Leaving the pictures aside, transcribe the data below exactly.

§ **GIVEN INFORMATION**:
—————
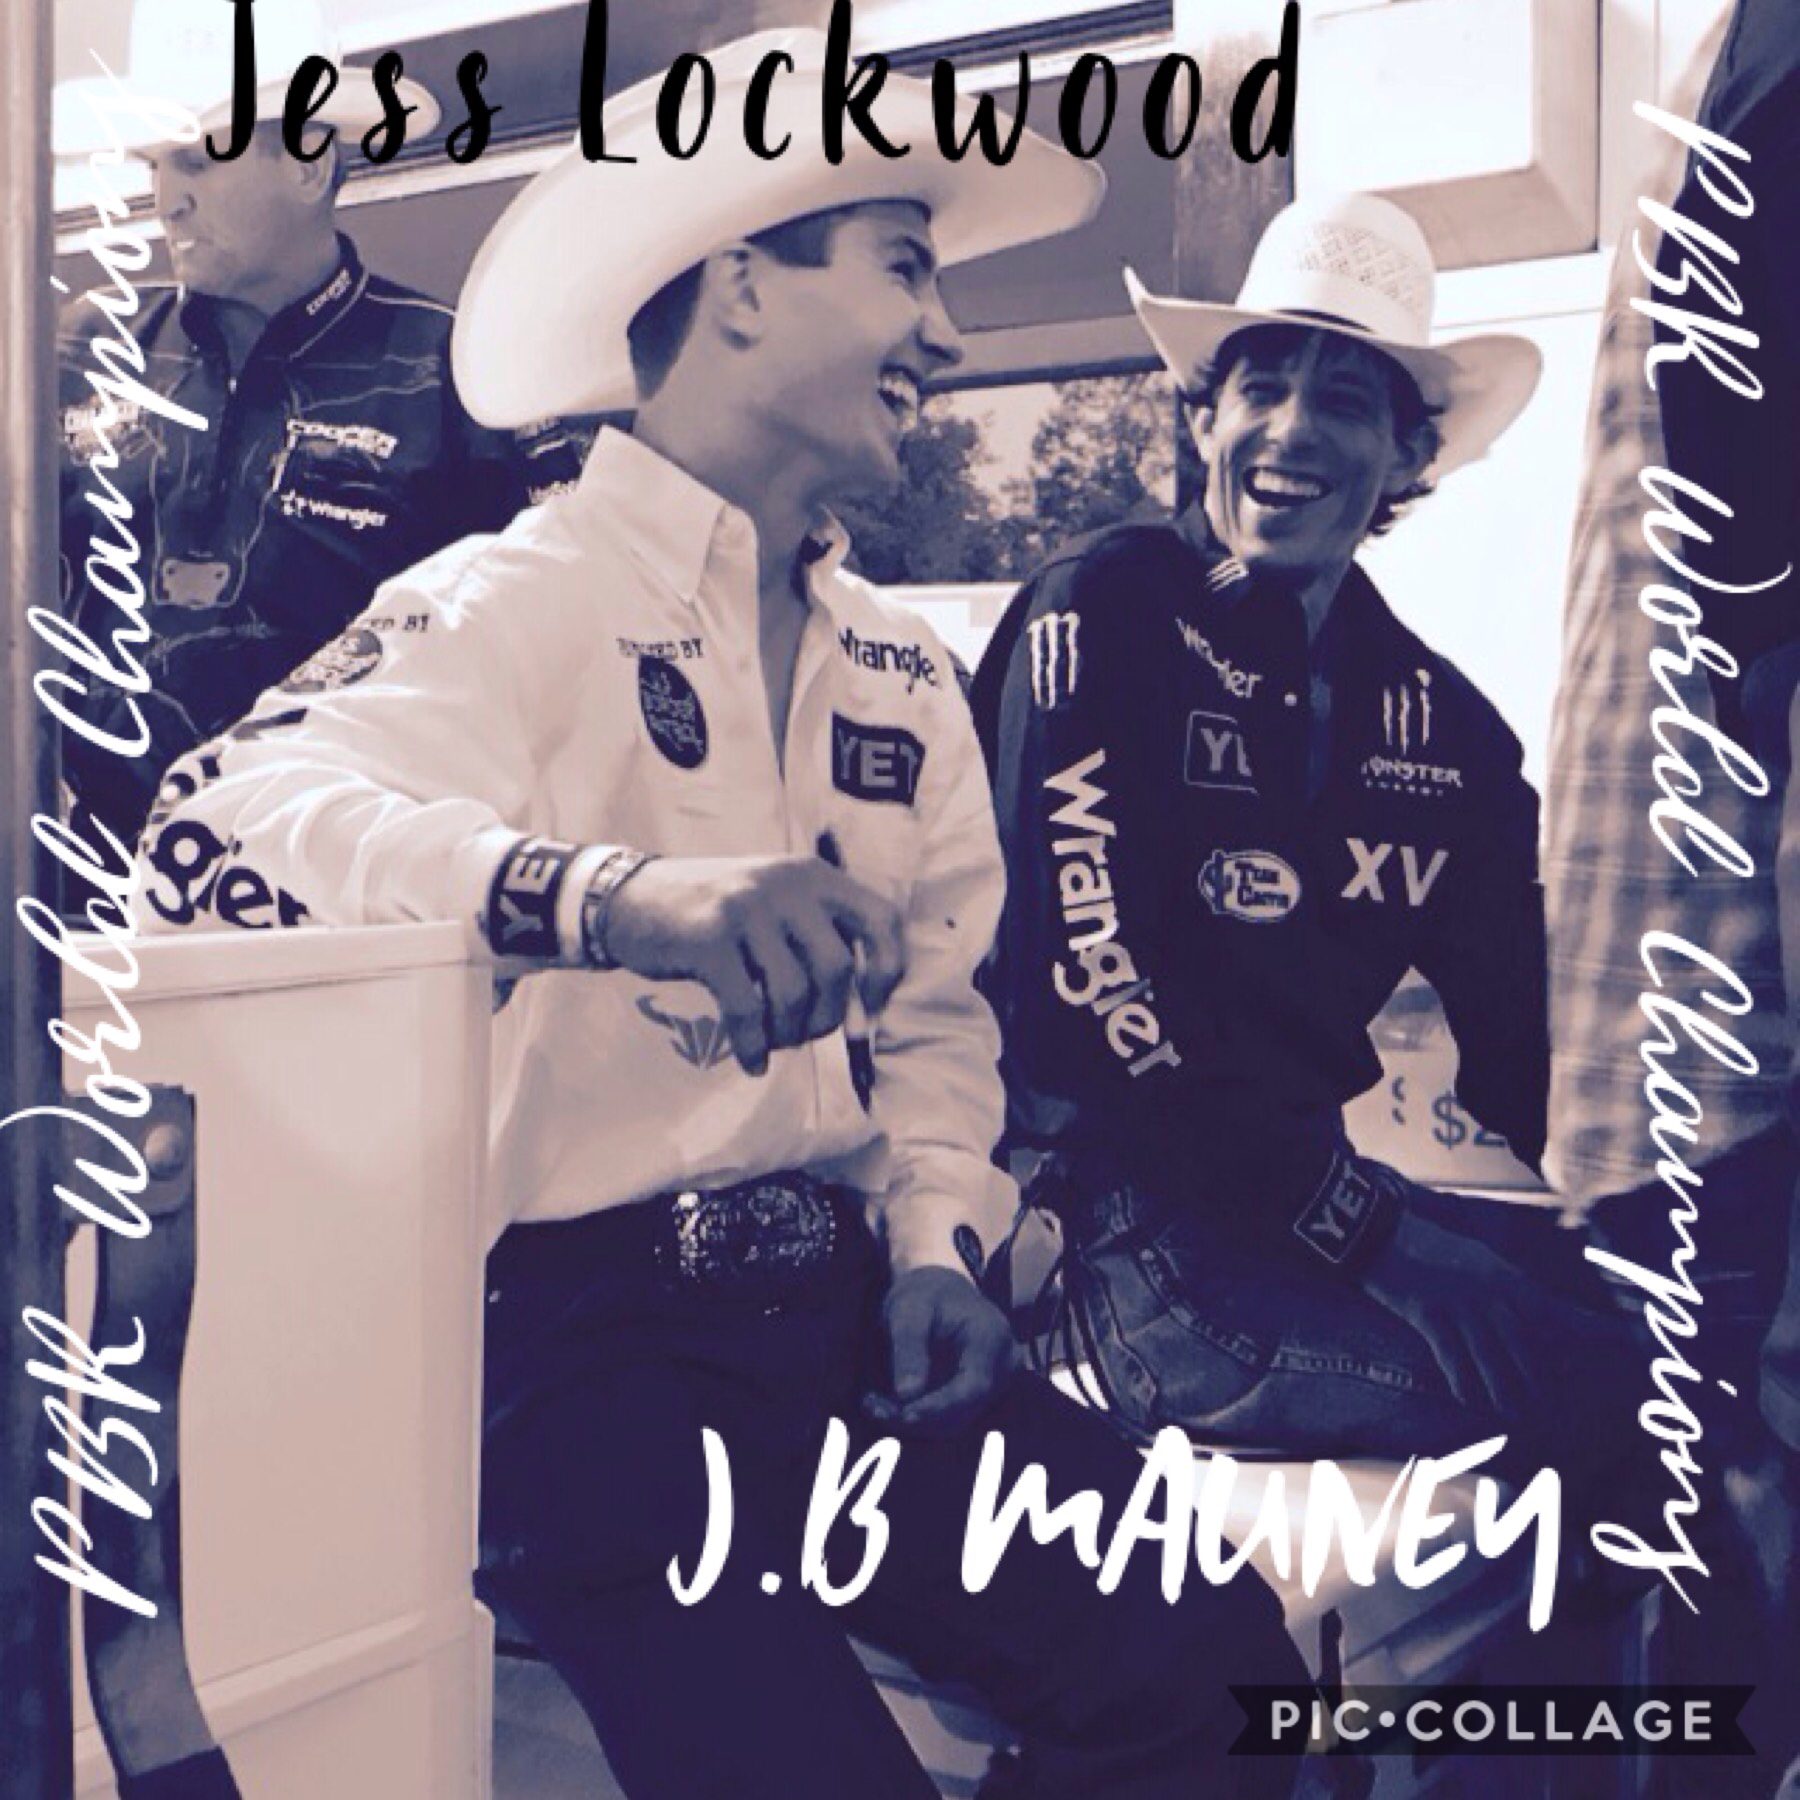 🐂Tap🐂
Got to meet Jess Lockwood & J.B. Mauney! Best day ever!
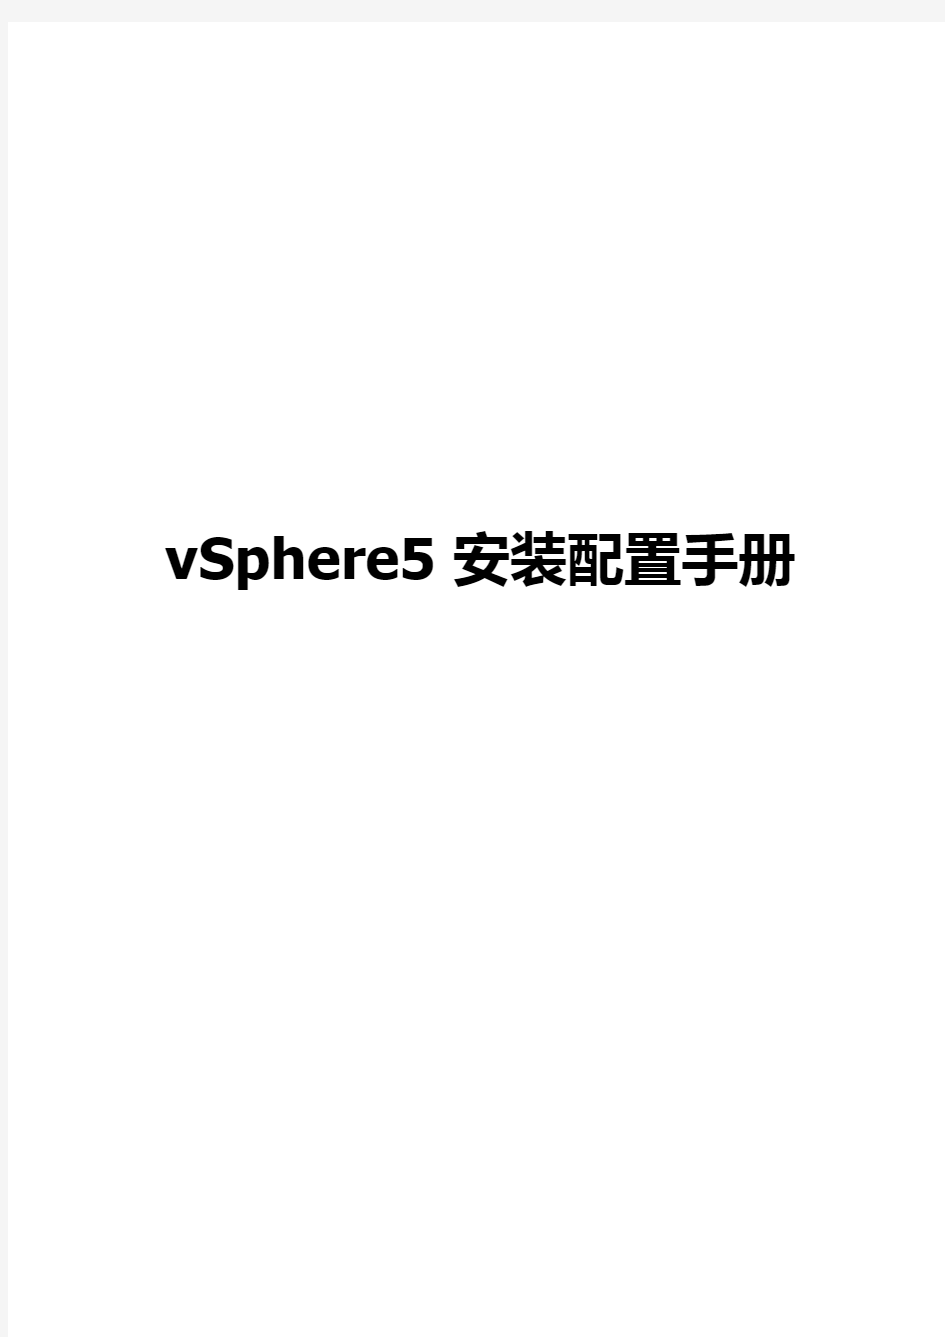 vSphere5安装配置手册
—————
§ **SOLUTION TO THIS TASK**:
 🐂Tap🐂
Got to meet Jess Lockwood & J.B. Mauney! Best day ever!
 vSphere5安装配置手册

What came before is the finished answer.